We commonly run across an issue when we use SFVPN. I would like to know what we are doing wrong.
This is the situation:
Poor throughput with two SIMs in the bond, but excellent throughput with only one (either one) of the installed SIMs in the bond.
Both SIMs are with the same provider, very similar individual latencies and similar throughput.
The tests have been run from a laptop at the Pepwave LAN connecting across the SFVPN to a FusionHub to a single server on the private network on the LAN side of the FH.
The big downside of bonding is a poor connection(s) dragging down the overall bond, you could have one of the connections spiking latency wise and impacting the overall, have you set any parameters on the SF tunnel around latency cut-off and suspension times?
I find this often helps, especially if you have anything latency sensitive in transit via the SF tunnel.
Thanks for your thought cgreen. I should really have added the fact that we had also done a PepVPN test, which produced 35 Mbps bidirectional from Peplink to Peplink. So the bonding is functioning fine to transmit and receive across the given WAN media.
The problem is client to server, and back.
But the client and server prove capable when only one SIM is in the bond.
I’m thinking that there must be others who have seen this behavior. We do a fair bit of SFVPN bonding in our network, successfully aggregating WAN media.
From time to time we encounter cases where it should work but for an unidentifiable reason the bonding algorithm doesn’t transport client server sessions at all like the PepVPN test does. And so I am reaching out to anyone who might know what the cause is and what to do to and why.
This is a POC for a potential customer.
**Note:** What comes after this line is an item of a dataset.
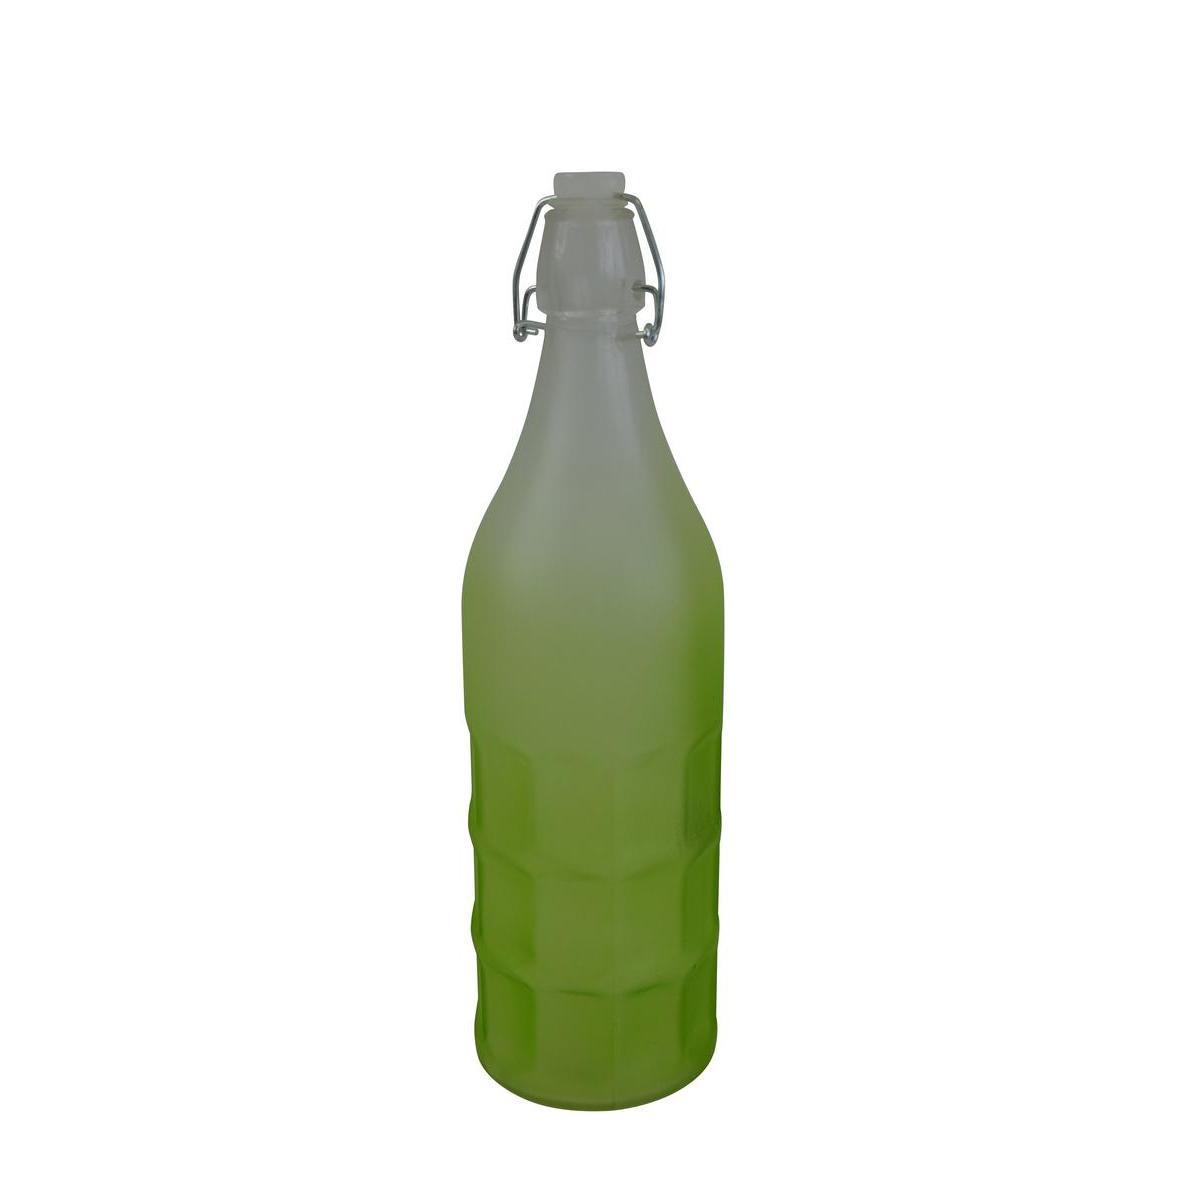 Bouteille limonade en verre - 1 Litre - Vert anis

It should just work in my experience, because the relative transmission characteristics of the two WAN are similar enough.
For the client to server issue there could be out-of-order packets. Try adding a receive buffer on each side of the VPN (100 ms for example) to see if there is an improvement.
Thanks Ron, I do appreciate the suggestion and we will try it.
If you have an idea about it, why do you think the packets could only be out of order for the client server flows when the SFVPN contains two SIMs but not one, when the PepVPN test isn’t similarly affected with two SIMs in the bond?
This would not be normal, however based on your description bonding is working and the problem is client to server, and back.
A network capture from the FH would provide more information to troubleshoot this. An MTU adjustment might be needed on the FH side for client VPN users going through Fusionhub for example.
The suggestion was to help narrow the problem down, but a network capture will be be helpful as well.
Hi, 100ms of receive buffer increase throughput only marginally. We will get a packet capture and introduce it to the ticket we have open. fyi, it is 9050226. I don’t recognize 9050123.
9050123 is a ticket that Dennis has with us regarding a similar issue as you are seeing in ticket 9050226.
We have been doing a lot testing over the last few weeks and are finding that the TCP stack in Windows struggles badly with Jitter compared to Linux (ubuntu) in like for like testing. The Receive buffer can help by reducing the the amount of jitter (but by increasing the latency). Using WAN smoothing can also help a lot in this case (but uses double the bandwidth) and is also really useful with dealing with packet loss (which has a big impact on all TCP file transfer throughput).
We are still running through testing scenarios and will show some of the results of the testing when using various settings and connection types.
Thank you James,
The feedback that you acknowledge the problem, are working on it, and have some concrete understanding of its mechanics makes a huge difference.
We have not found a useful improvement with a 100ms recv buffer. We will speak with the customer about their operating system used for the test and the option of WAN smoothing athough I don’t think they will like the data volume impact.
Please keep us posted because this must affect a lot of use cases.
Both SIMs are with the same provider
This is prob the cause for the low throughput. If you really have no other ISP available try selecting different Bands in the advanced band selection. Example (Modem 1 Band 20) (Modem 2 Band1). Bands can differ per country and provider.
Make sure that no Band (freq) from the same ISP is the same inside the tunnel when bonding.
Set a difference cuttoff of 100MS inside the speedfusion profile like Ron proposed. Leave the recieve buffer to 0. suspension time after package loss to 0.
Is this based upon the idea that any single band will have a capacity limit that will be exceeded by two SIMs if they are both using that band? Interesting.
We will try that, cheers.
Ron’s recommendation was recieve buffer tuning, not cutoff, but I am intrigued by your suggestion.
How LTE works, lets say when you use provider A on Band 20 with both modems. you will share bandwith capacity between both modems. As there is a max throughput supported by the Band (freq) and Cell. Now if you will bond this will only work against you.
But if you use Band 20 + Band 1 from provider A you are simulating carrier aggrigation when bonding (LTEA with also upload 2 bands) increasing you bandwith speeds if both lines are healthy and not more then 100MS appart in latency. Hence the latency difference cutoff.
Provider A band 20 + Provider B band 20 bonded. This will also increase speeds in most cases.
as the ISP’s with there own cel network have a different MHZ spectrum inside the Band 20 spectrum.
If using LTEA in most cases you can also finetune but you need to know what bands are being used. and maybe tune 1 modem back to LTE only.